RonSwansonIsBuff · 22/05/2020 10:55

Will you only be paid for 1 day or will your pay stay the same

I'm not sure if you've understood correctly. OP is WFH 4 days a week, as are all of her colleagues and is expected to come into the office 1 day a week or take annual leave if she can't, as are all of her colleagues. I would assume therefore that she will still be receiving a full weeks pay.

Whybirdwhy · 22/05/2020 10:59

RonSwansonIsBuff
Argh apologies, thanks for clarifying.

What a dfficult situation OP.

Tayo23 · 22/05/2020 10:59

Whybirdwhy

No I’m expected to go in one day a week and work the rest from home the other 4 days.

I accept I am probably going to have to use my AL for that one day if the nurseries have not reopened. I don’t know why people keep suggesting Childminder’s. That’s not allowed at the moment otherwise he’d be with a family member.

I have explained the situation about DPs employers. It’s not fair and it frustrates me that’s the situation that I’ve found myself in.

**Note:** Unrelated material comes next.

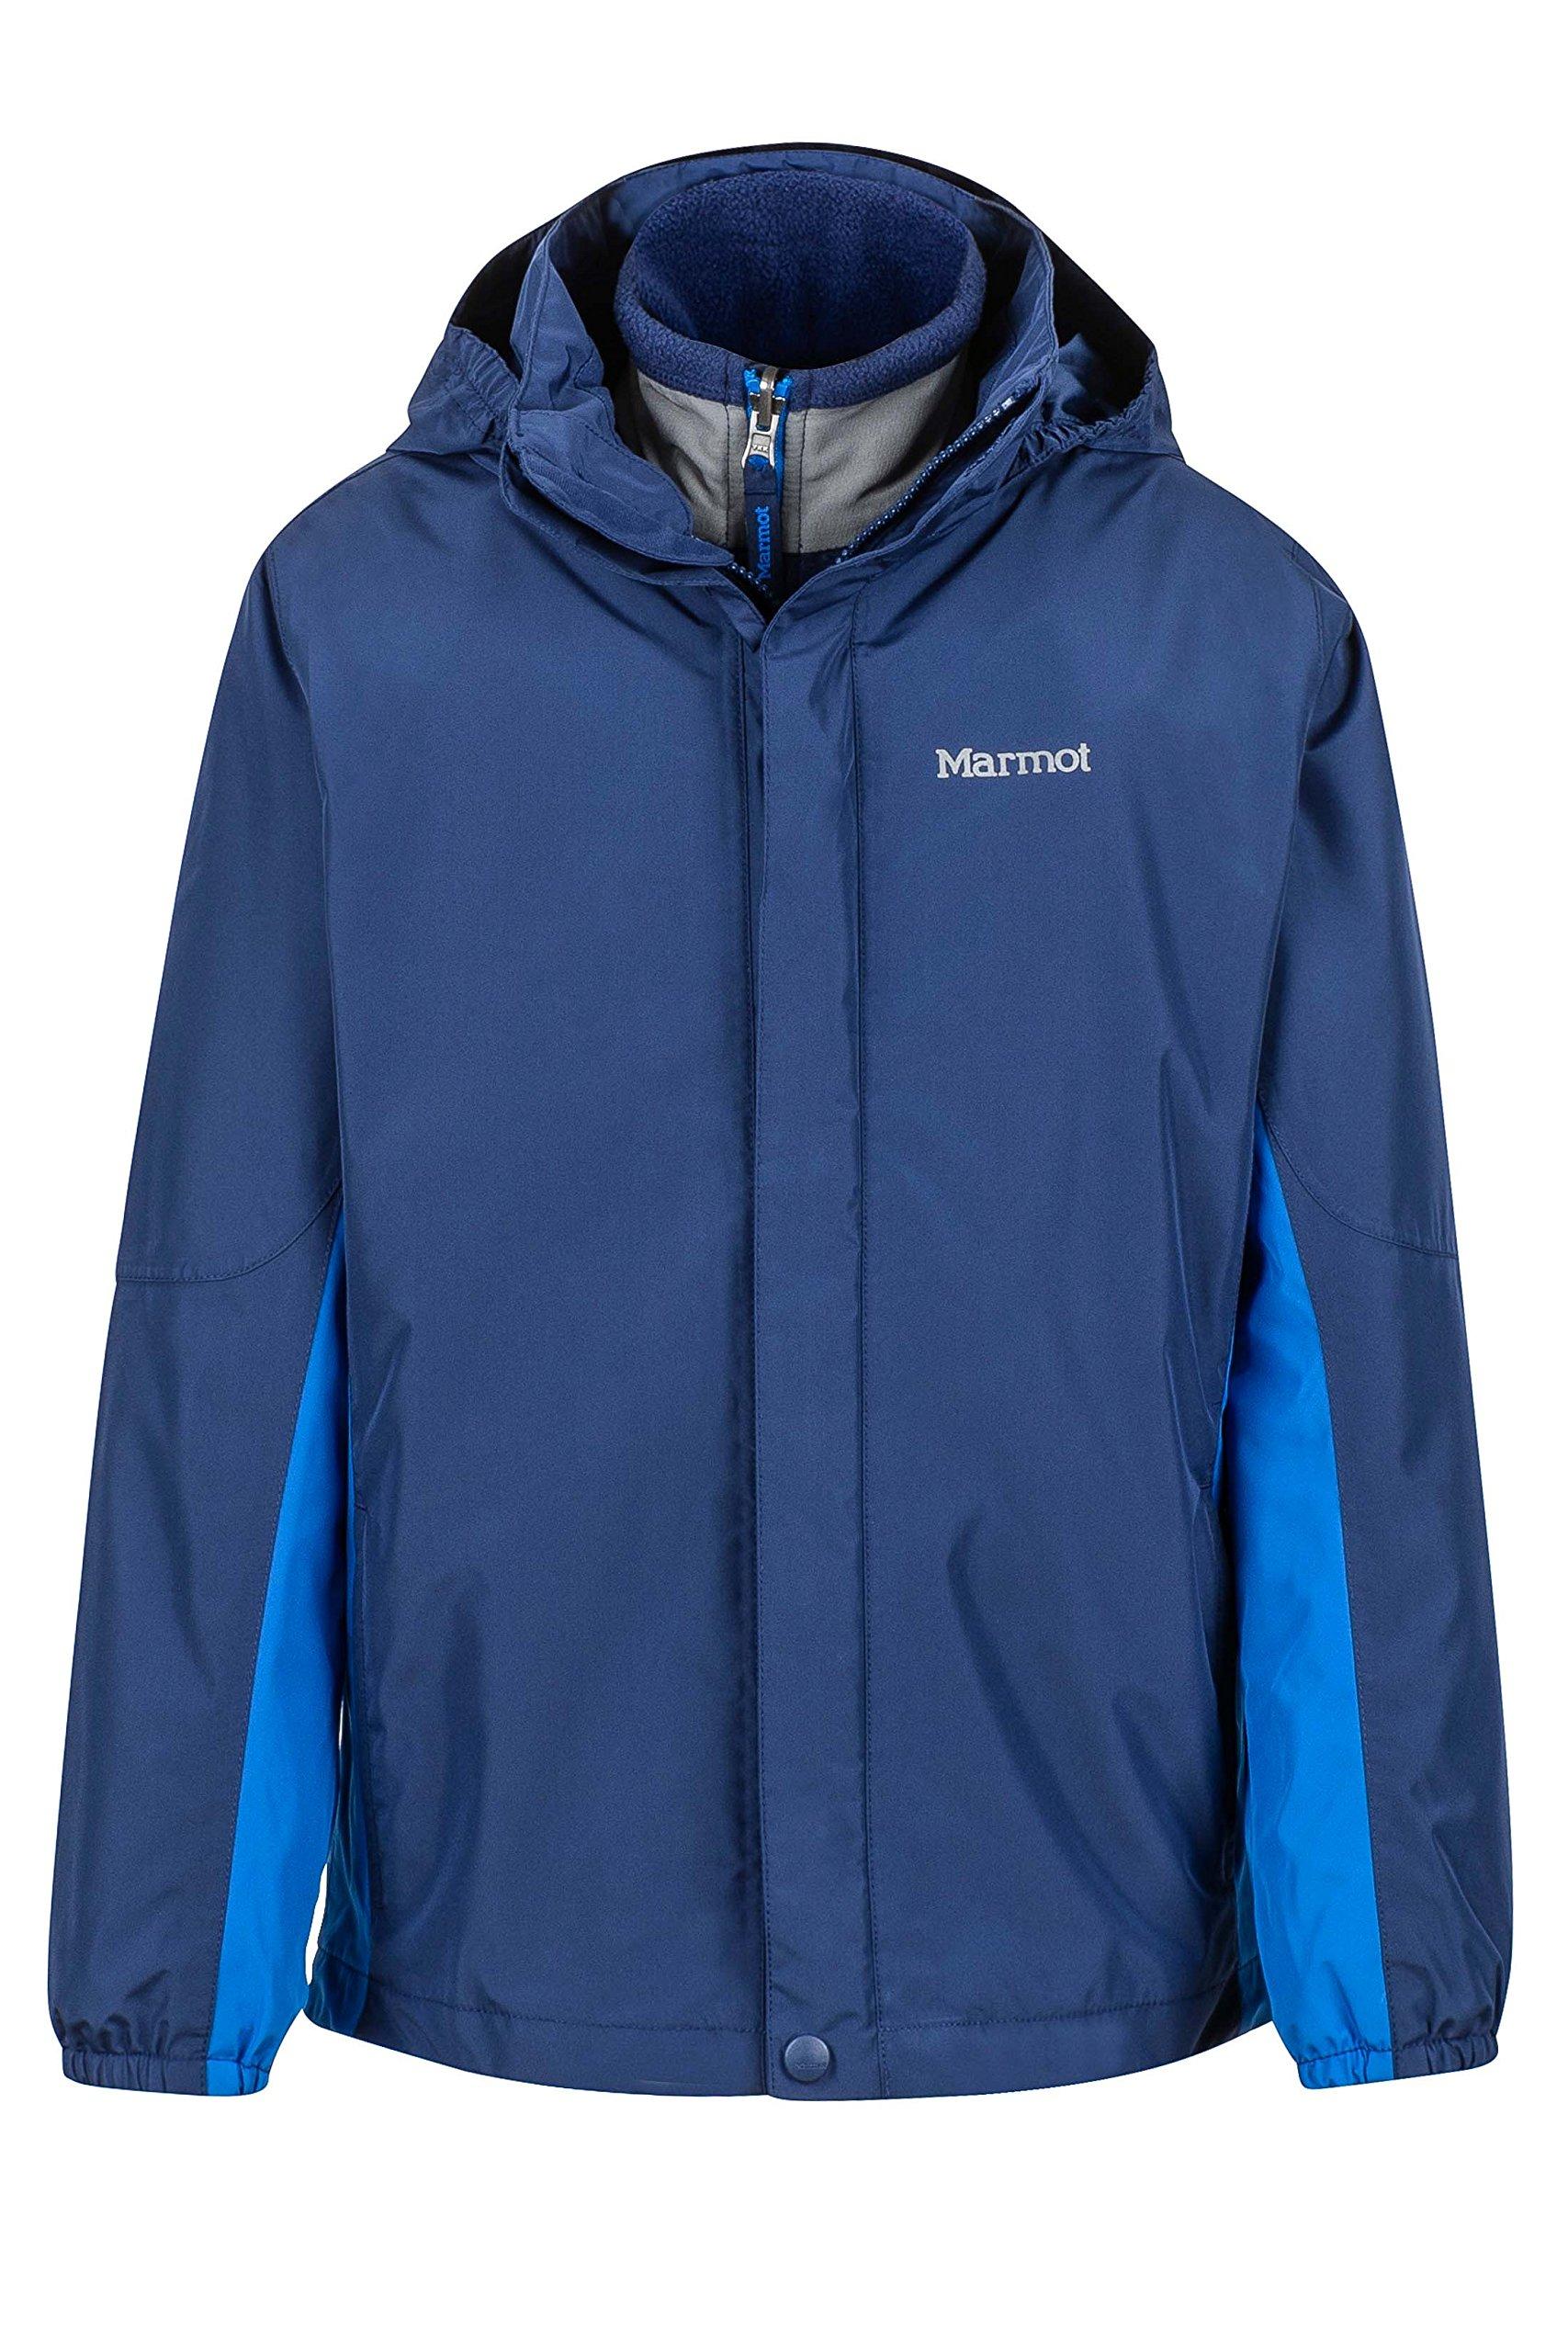 Marmot Boys' Northshore Waterproof Hooded Rain Jacket with Removable Fleece Liner, Arctic Navy/True Blue, Medium by Marmot

Tbh I (and every other colleague I know) have lots of issues (unrelated to this) with our dpt. Its extremely unorganised and very poorly ran with lots of illogical reasoning and power trips and doing things for the sake of it without listening to the concerns of staff. Things don’t run smoothly in there, ever, it’s a shit show. However, being a civil servant, like most dpts they’re exceptionally good at being flexible re working arrangements. That’s the main reason I joined and why I continue to stay. I realise that my opinion of my senior management may have skewered my perception (and that of friends in work) of this recent situation I’ve found myself in and that’s why I wanted some outside perspective.

I now see that whilst I still feel it’s unfair, that DP does need to take more responsibility and if that’s not possibly I may have to suck it up and take the AL, even though I was willing to work.

OP posts:
dontdisturbmenow · 22/05/2020 11:01

I cannot leave my DS home alone
Oh please no one is asking you too. You can use a chilminder and in any case, we are talking about 4 weeks as you have gratefully been given full pay leave for the next 4 weeks. So what are you doing to see who could have your child in 4 weeks time?

You are acting entitled because you seem to be doing very little to try to meet your employers flexible requests whilst going in about them daring not to be yet even more accommodating.

Whatever else you've thrown, complaining about being told to take the days as A/L IF indeed you can't find a childcare provider, is the attitude of someone entitled.

Techway · 22/05/2020 11:05

OP, you have a solution for 4 weeks. Focus on that in the meantime nurseries are likely to open and if you choose not to go that route take AL, shared with your DP.

It is the most sensible and pragmatic approach. The world has changed as employers are under pressure as much as workers so they have to be flexibility on both sides. They have given you flexibility so just take some AL, it is only likely to be a few days...this is not a battle to fight.

Mummyoflittledragon · 22/05/2020 11:06

I’d still get legal advice.

Tayo23 · 22/05/2020 11:06

dontdisturbmenow

Why do you keep talking about Childminder’s?! I am by law not allowed to have anyone else even a family member look after my child atm unless they live in my home. I am not a key worker. As for seeing what I can do about it in 4 weeks, how am I, or anyone meant to know what the situation will be like in 4 weeks?! I do not know whether it will be allowed then - if it is - then he’ll be back at nursery or with a family member - and of course I will be in work for the one day a week I am expected to go in.

OP posts:
RonSwansonIsBuff · 22/05/2020 11:07

And say what? OPs employers can tell her to take annual leave at certain times, they are allowed to do that. We are all so used to being allowed to choose when we are off that I think people forget this.